Emerging growth company ☐
If an emerging growth company, indicate by check mark if the registrant has elected not to use the extended transition period for complying with any
new or revised financial accounting standards provided pursuant to Section 13(a) of the Exchange Act. ☐
On May 16, 2024, a punitive class action lawsuit was filed in the Delaware Court of
Chancery, styled Farzad v. HighCape Capital, et al.
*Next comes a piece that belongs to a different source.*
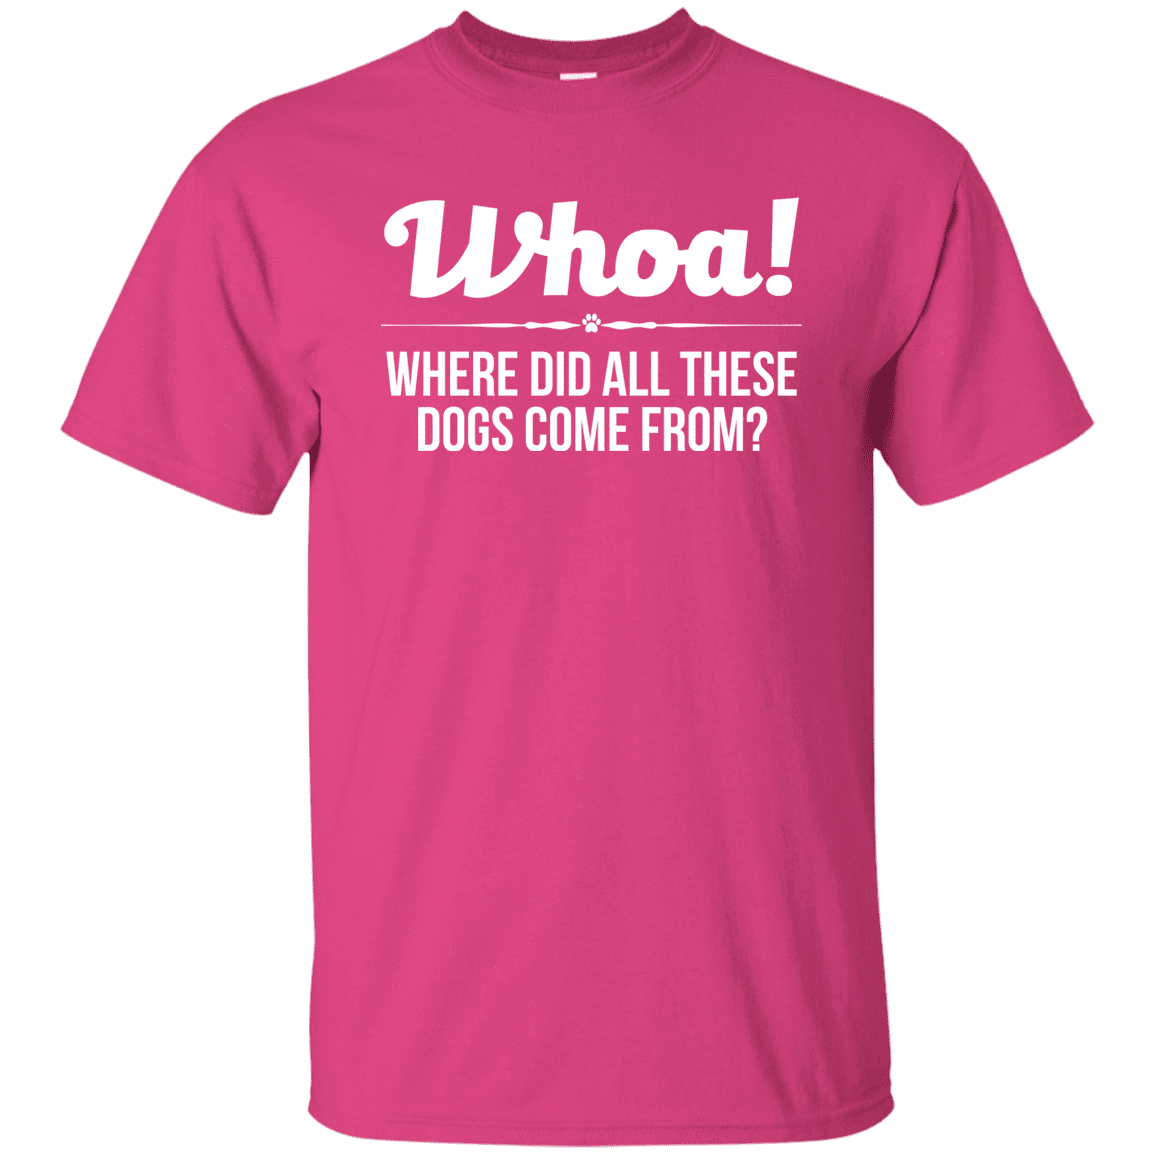 Whoa! - T Shirt.

(the “Delaware Stockholder Litigation”). The Delaware Stockholder Litigation asserts breach of fiduciary duty claims against the former officers and directors of HighCape Capital Acquisition Corp. (“HighCape”), including Kevin Rakin, Matt Zuga, David Colpman, Robert Taub and Antony Loebel, HighCape Capital Acquisition LLC and HighCape Capital L.P., aiding and abetting breach of
fiduciary duty claims against Foresite Capital Management, LLC and Jonathan M. Rothberg, Ph.D., and unjust enrichment claims against all defendants related to the business combination between HighCape and then privately held Quantum-Si
Incorporated (the “Business Combination”). The Delaware Stockholder Litigation complaint alleges that the transactions contemplated by the Business Combination were a product of an unfair process which was allegedly impacted by conflicts of
interest, resulting in mispricing of the Business Combination. The complaint seeks, among other things, unspecified damages and attorneys’ fees and costs. There is no assurance that defendants will be successful in the defense of the litigation
or that insurance will be available or adequate to fund any potential settlement or judgment or the litigation costs of the action.
SIGNATURES
Pursuant to the requirements of the Securities Exchange Act of 1934, the registrant has duly caused this report to be signed on its
behalf by the undersigned hereunto duly authorized.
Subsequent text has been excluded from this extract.